Garner adds, “The other thing that I just love is the heart at the center of the company – that we really are a mission-driven company. You feel it with every person who works with us. We are really largely parents and when we have a company get together, they will ask me to give an update about Save [the Children] or ‘A Million Meals’ and you can just see people on the edge of their seat, asking great questions, super committed [saying] ‘How can I volunteer? How can I get involved?’ They are selling and working from that place, knowing that this company is tiny but we are starting off on the right foot where this is baked into our actual DNA. This is who we are and we are here to help. We are here to help solve problems for moms across the board, but we’re also here to introduce this vibrant, fresh, refrigerated kids food to a whole other world of people.”
For anyone following Garner’s playful posts on her Instagram page lately, you will quickly realize that she pridefully grows much of the food that she and her family eat. So, after seeing her love for the outdoors and in growing things literally from the ground up, I wondered how her passionate efforts within nature have been beneficial to her overall wellness and mental health today.
“I have a really robust garden at home in California,” Garner shares. “There’s just nothing like it. Even sometimes, I’ll do it on a call – I’ll just have headphones or earbuds in and I’ll just be out pulling weeds while I chat and there’s the mindless thing of doing something with your hands and the feel of the soil in your hands. It’s like realizing the sun is going to rise everyday, no matter what. There’s something very comforting about you put a seed in the soil and you give it a little bit of love and before you know it, you are going to have cucumbers. That is happening!
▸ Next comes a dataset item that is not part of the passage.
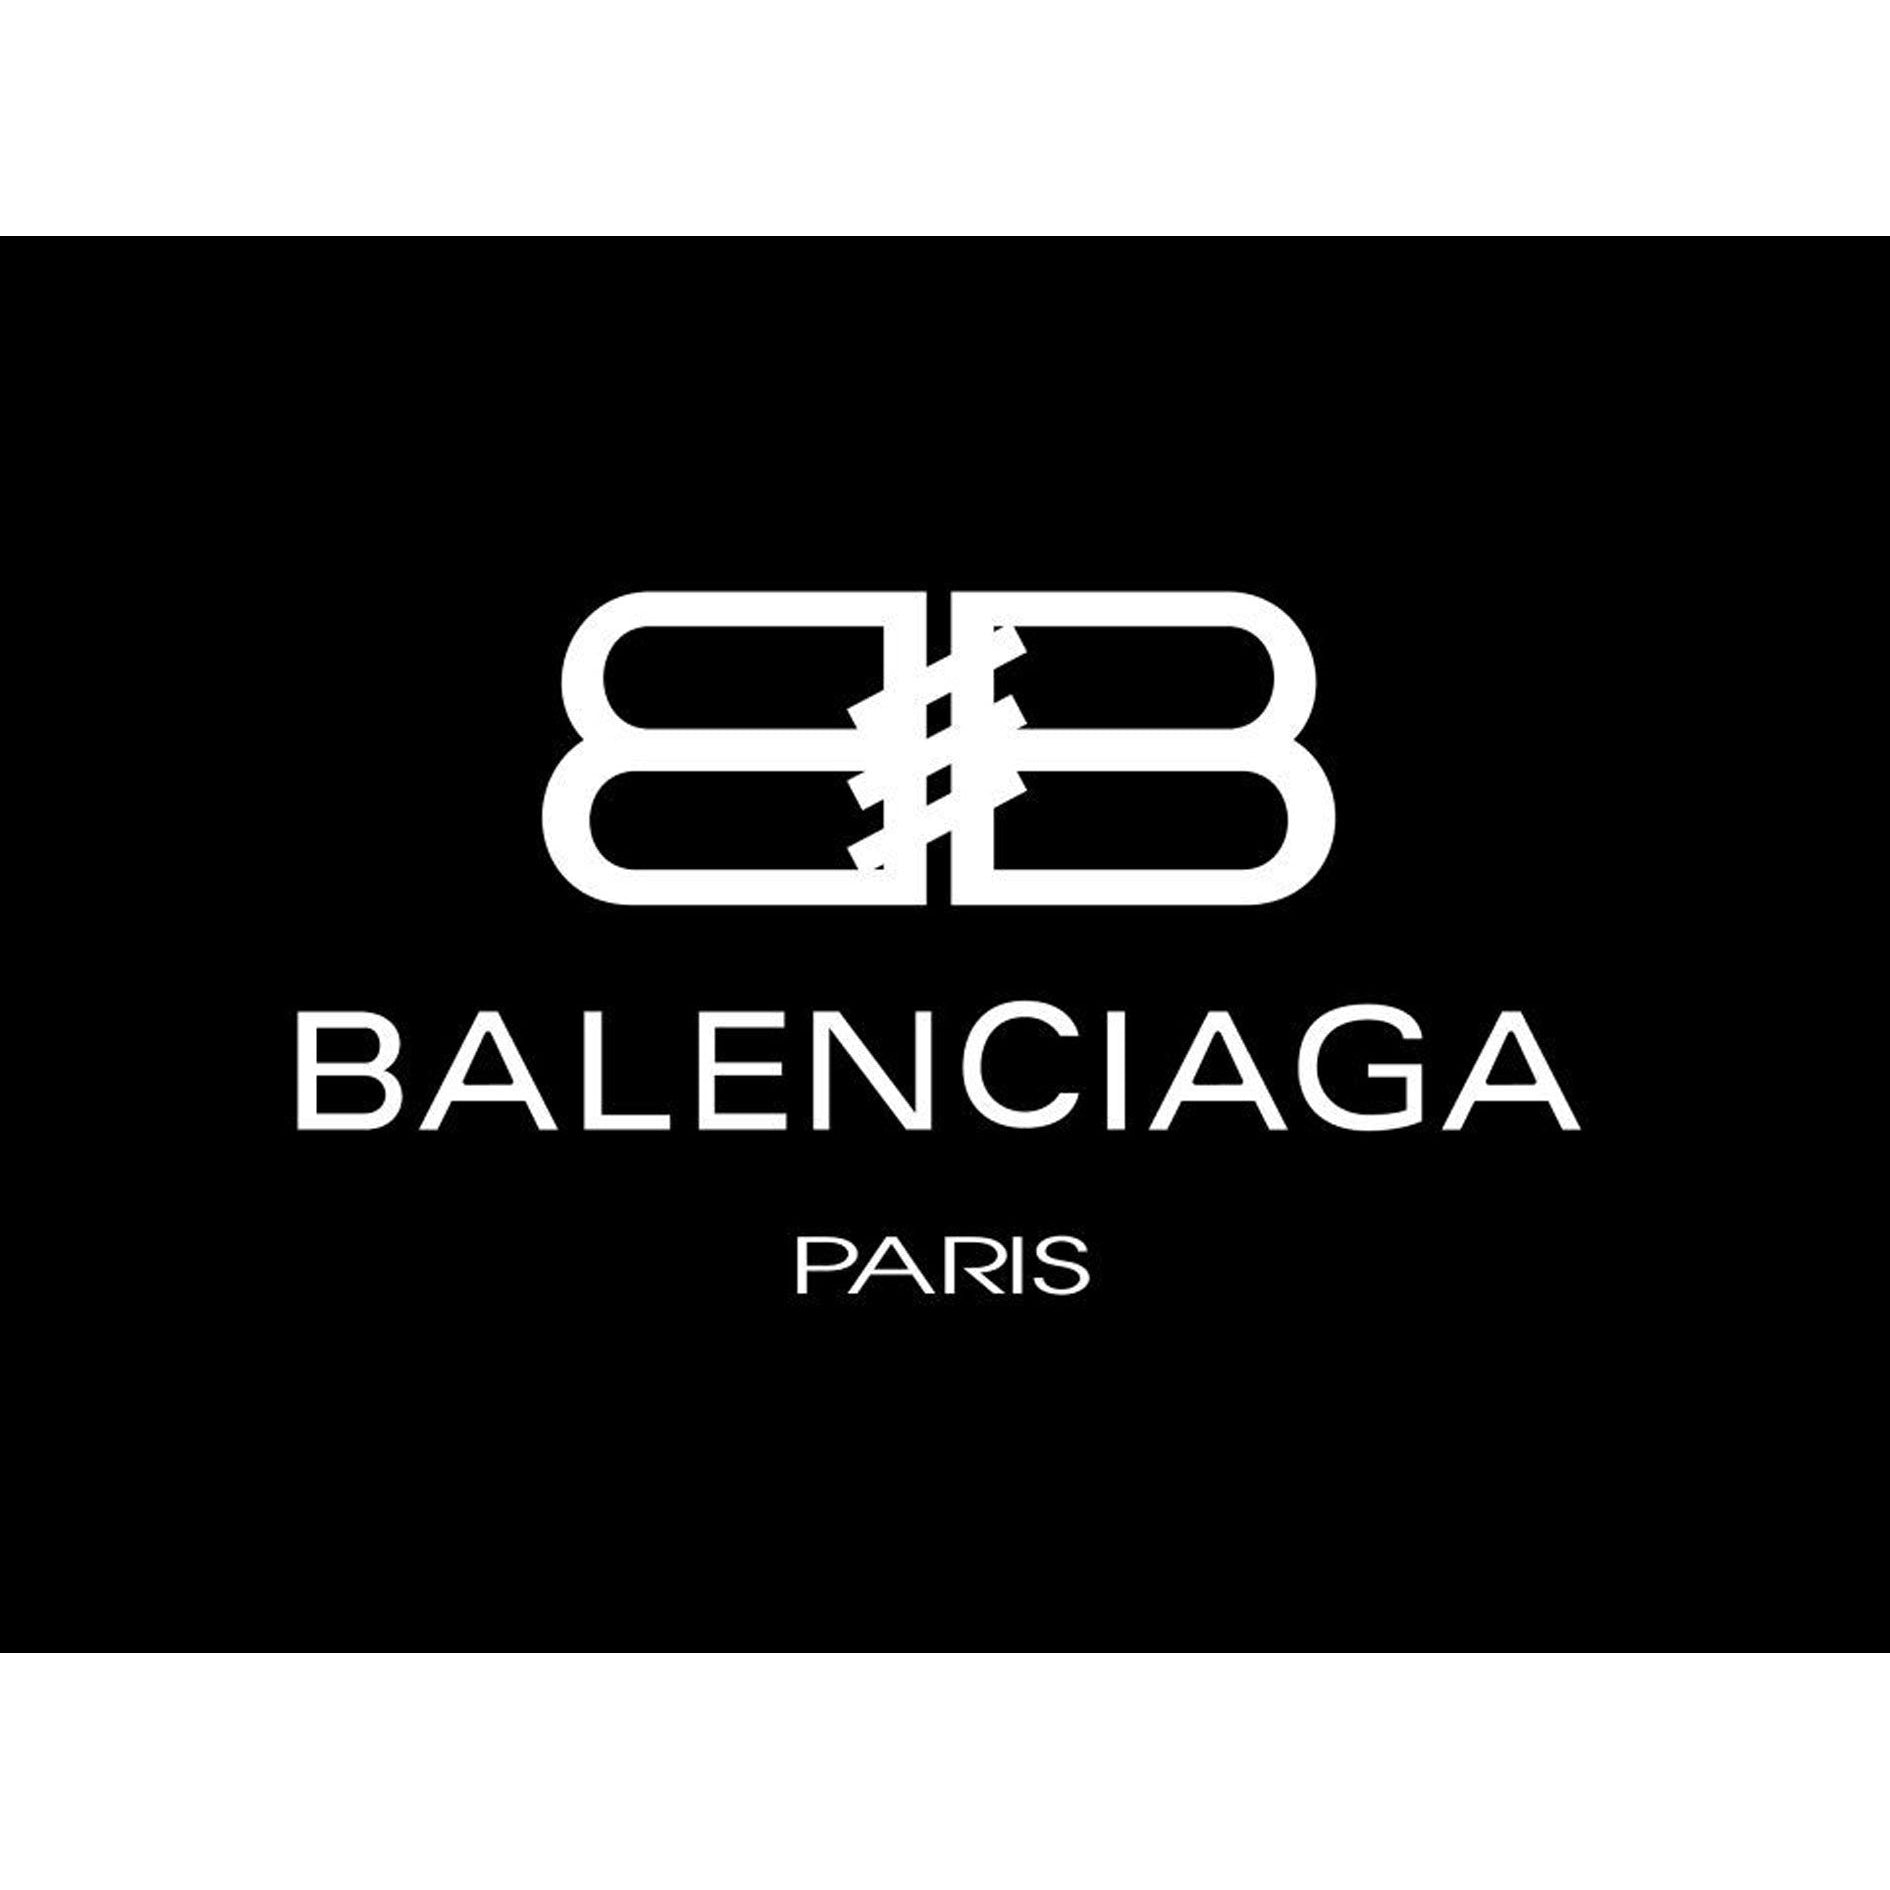 Balenciaga Card SVG Download Balenciaga Card Holders Vector File  Balenciaga logo png file Balenciaga Card SVG silhouette  Balenciaga  Clothing logo Art alevel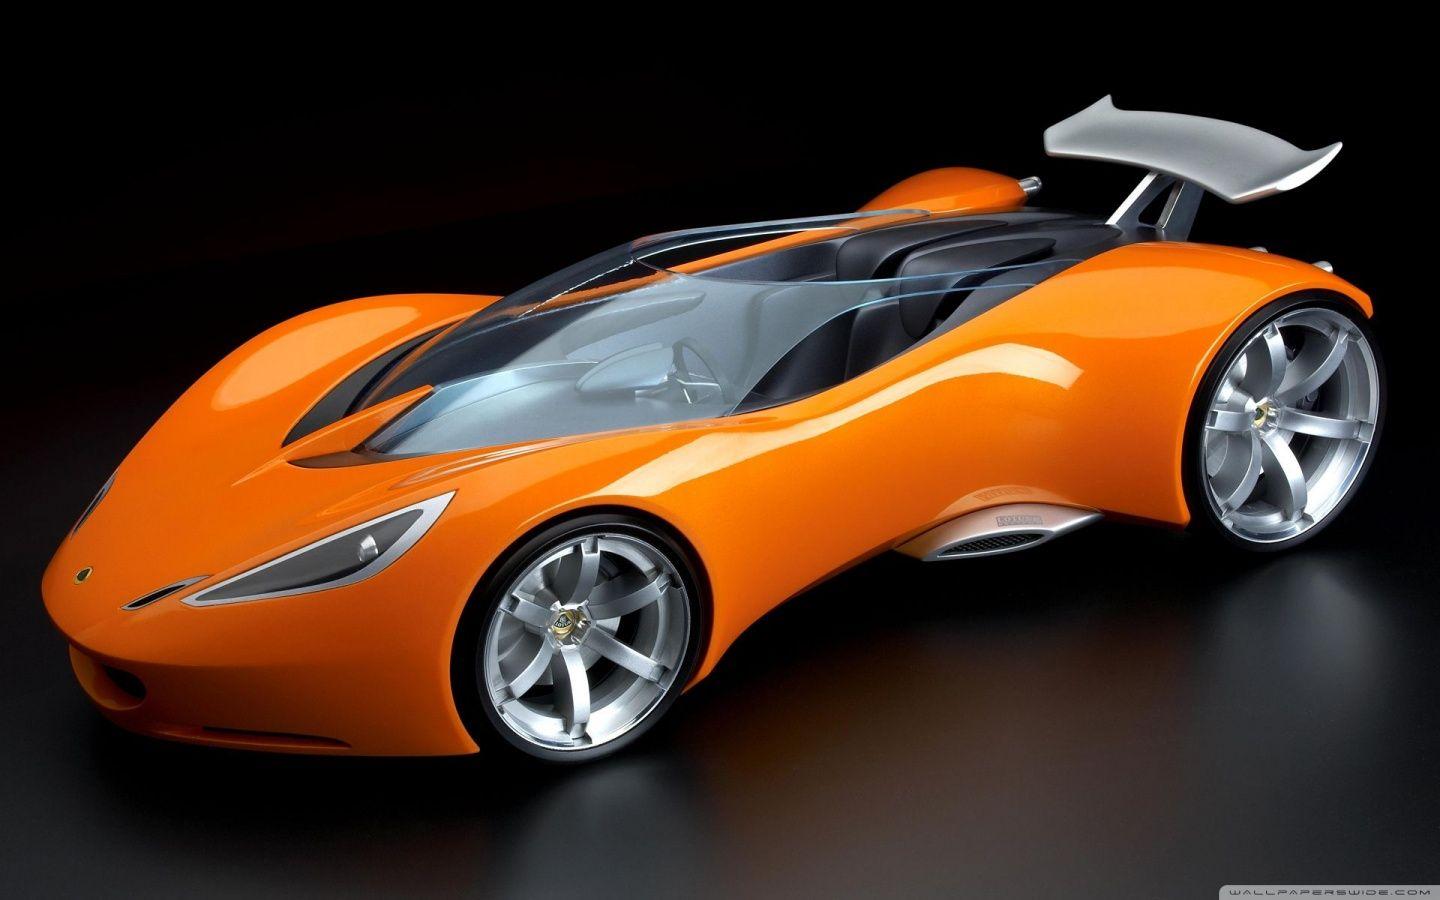 3D Cars 17 HD desktop wallpaper, Widescreen, High Definition

It does a lot for me.”
As she continues to devote her time and energy to bring healthier food options into the world as she strives to share them with families everywhere, I wondered what sound business advice Garner would give to other entrepreneurs today who have great ideas for a business but simply may not know how to get those plans in motion.
Garner responds, “Well, it’s all about the team you assemble. If you have a chance to do anything with someone you truly believe in as a leader and it’s someone like John Foraker, how lucky am I? There is strength believing in your partners. I would say go slow to go fast – really figure out what specifically is your thing and stick to that.”
As we began to conclude our conversation, Garner informed me that she is well-aware of the now teenage Once Upon a Farm consumers who started to enjoy her products five years ago as kids, might now show less interest in the current pouches available on the market, hinting to me that “We have a lot of cool things in the pipeline.”
Understanding that it takes a village to create real change, I left Garner with one final question, asking her what we consumers in society today can do to help Garner and her Once Upon a Farm team reach their 2024 “A Million Meals” goal with Save the Children even faster.
“It’s such a big deal that Save [the Children] is willing to partner with us. It just shows that they really understand that for a little company, we mean business. There’s a donation straight from Overnight Oats [pouches] or anything that has Save the Children [on the packaging]. So there’s that and if you’re on our website for our DTC, which is Direct-To-Consumer, you can see that there’s a donate [option] and it will donate right to the programs and to feeding kids.”